Over the course of the next few minutes, watching the sheep, it became clear that they were slowly moving between bouts of grazing, to the left and slightly uphill. Towards me. What had looked like an impossible situation was steadily changing into a good chance. I gave myself criteria for considering taking a shot; the ram needed to be broadside and stationary at 300 m or less, and there had to be no wind. I practice out to 300 m, with consistent results, but not further.
The next half hour inched by, as the rams continued their slow progress. I'd ranged a finger of small rocks at 300 m, and the small ram in the lead reached and passed it, then the big ram behind him. He was in range. Focus on the sheep then switched to setting up for a shot, and I realized that none of the boulders around me were suitable for a rest; I was too hemmed in to get into shooting position. The only option was a truck-sized boulder ahead of me, that formed the outer edge of the pile before the slope dropped away to where the rams were feeding. Getting up and over to that rock meant I'd be entirely exposed, briefly, to the rams. Waiting until all had their heads down at once, I hopped up and over without being seen.
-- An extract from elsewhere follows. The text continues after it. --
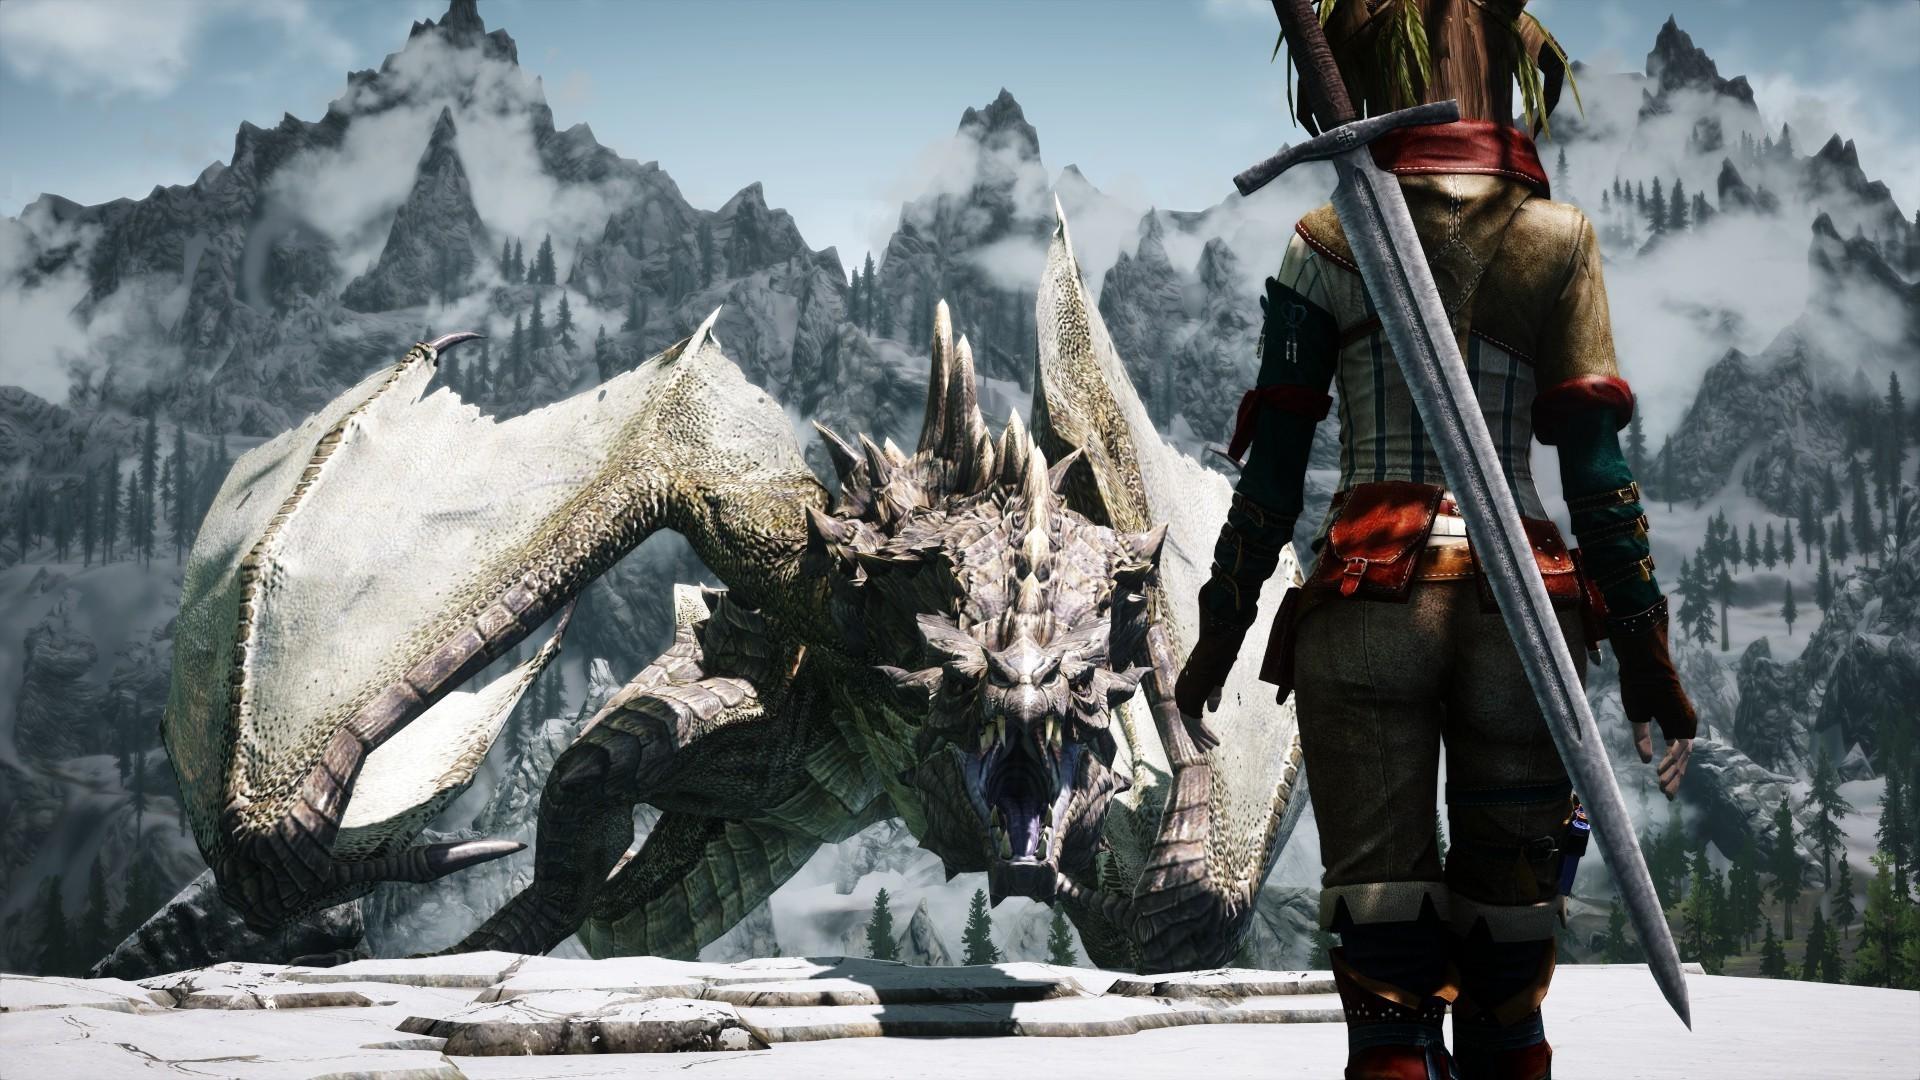 dragonborn, The Elder Scrolls, The Elder Scrolls V: Skyrim, Women, Dragon,  3D, Screenshots Wallpapers HD / Desktop and Mobile Backgrounds
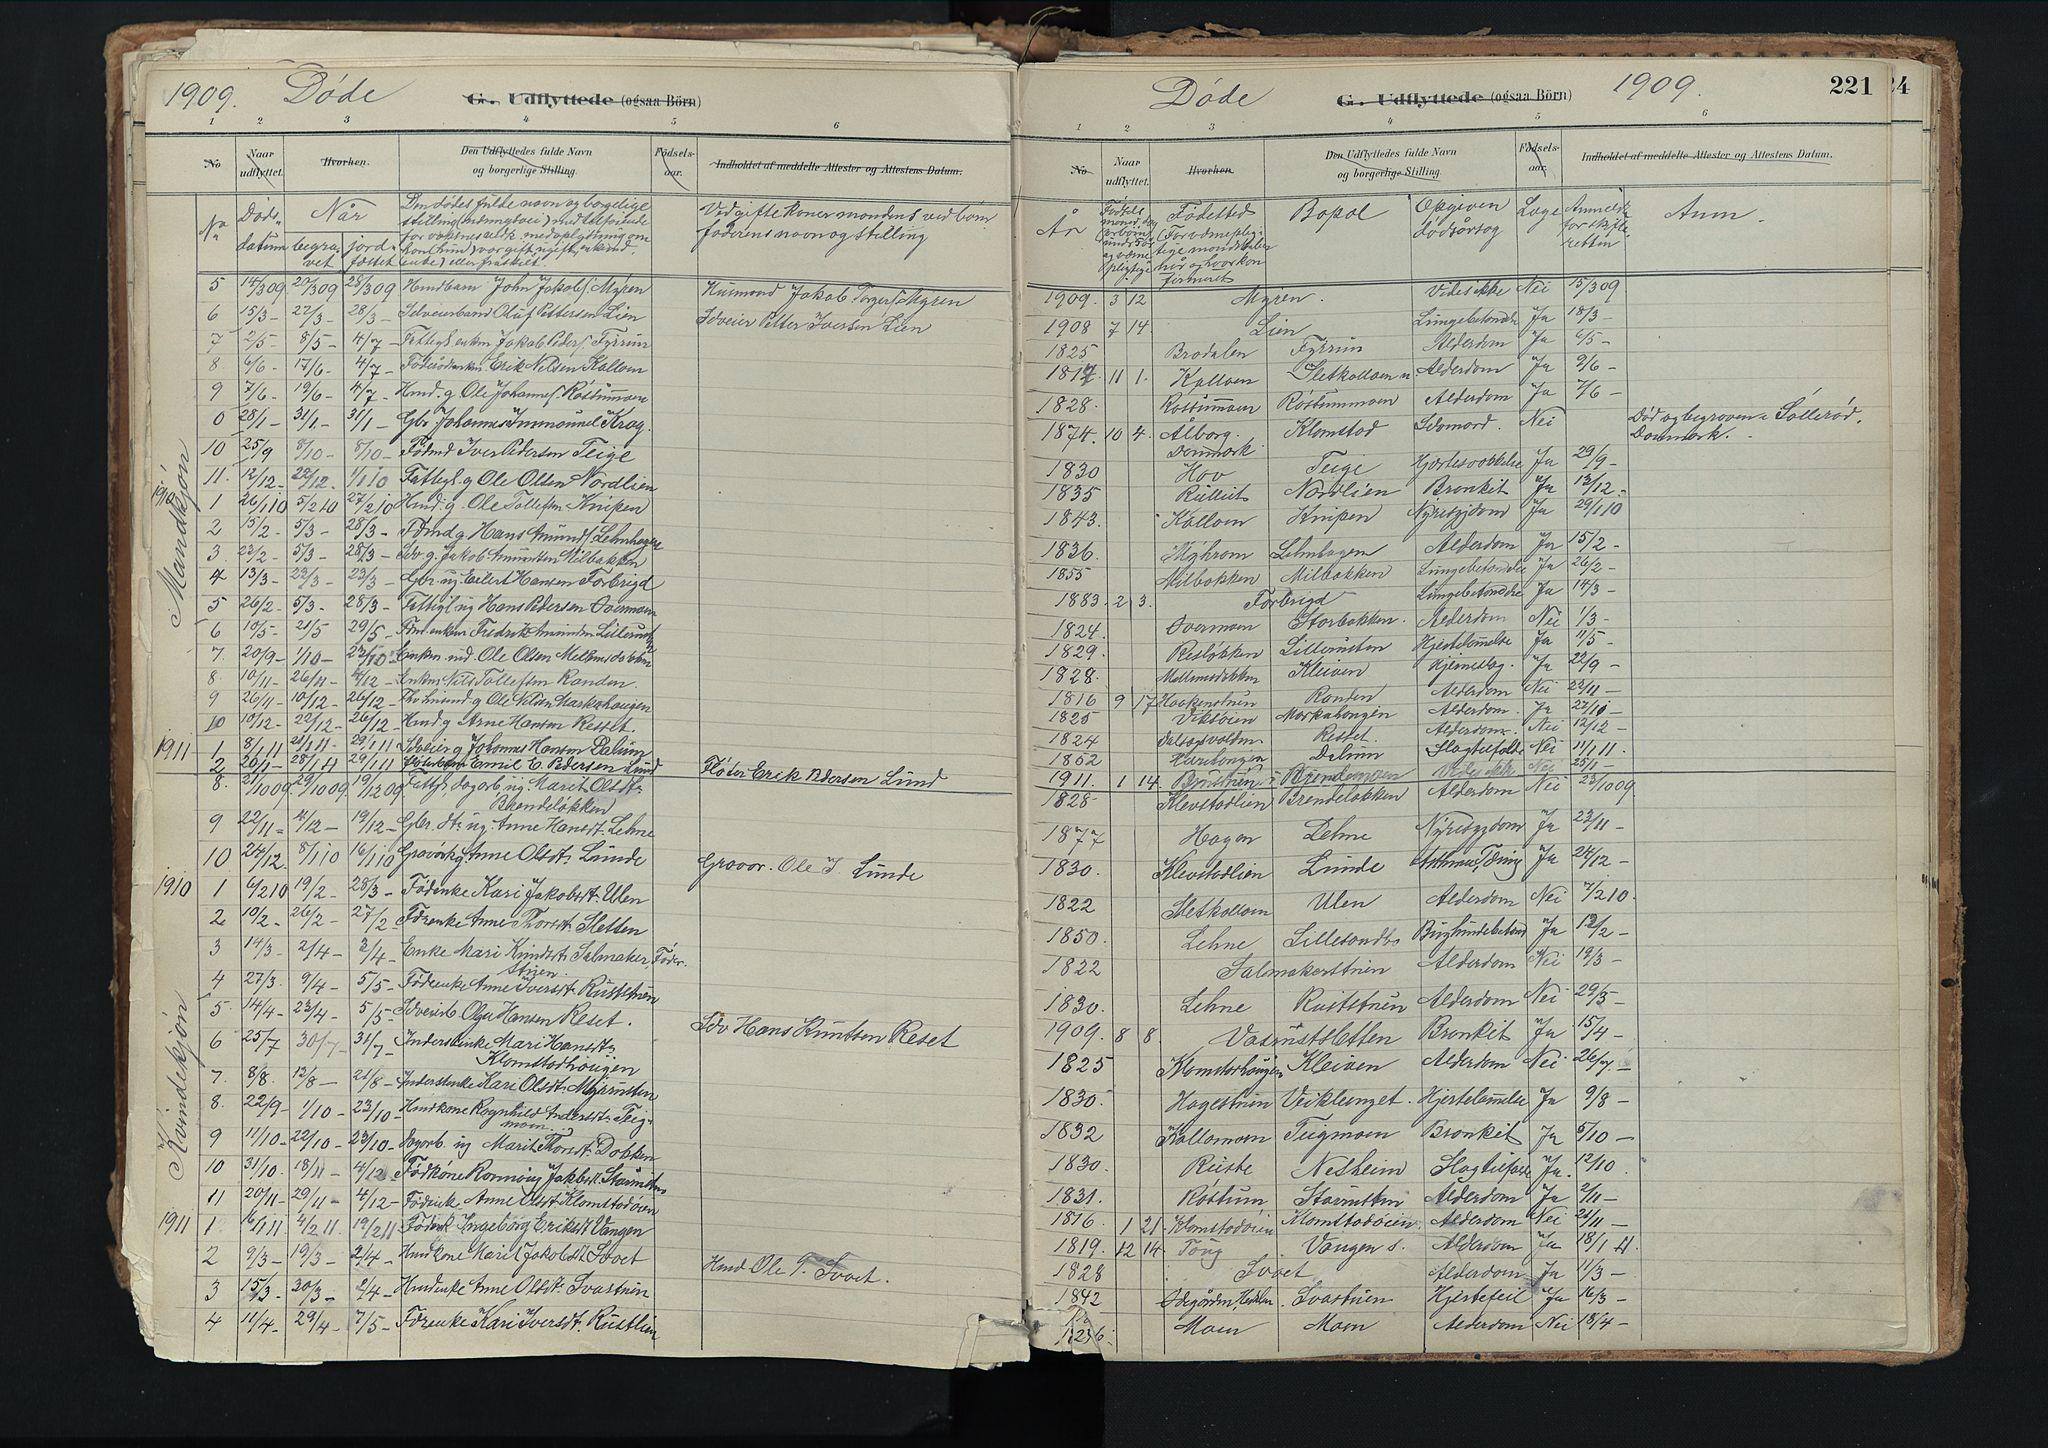 SAH, Nord-Fron prestekontor, Ministerialbok nr. 3, 1884-1914, s. 221

Seeing the ram through the scope for the first time was to feel the weight of the past four years' work. Nearly all of the decisions had been made, and the last few - wait for a lull in the breeze, pick a spot, adjust for bullet drop, deep breath and half-way out, slow squeeze of the trigger - seemed automatic. As the echo of the shot rolled down the valley, I watched through the scope as the ram wheeled around once, stumbled, and dropped.
Piia had heard the shot, but the sheep had moved out of her view over the time I was away. I went down to give her the all-clear sign, and we came up to the ram. Some photos in the last of the light, and then to quartering as darkness fell. by 1 am, we were back in camp with the meat.
Piia heading down to lower camp with the last load (my photo) |
Piia mentally preparing for the pack out (my photo) |
Willow, dwarf birch and water (Piia Kortsalo photo) |
More or less done, both geographically and physically (Piia Kortsalo photo) |
So, four years, five hunts, one sheep. I'm satisfied; sheep hunting without success is just that good - as long as there remains at least a possibility, that with enough good decisions in a row, you just might find yourself with one on your back, headed down the mountain. Might not happen again for a while for me, but I'm already looking forward to next year.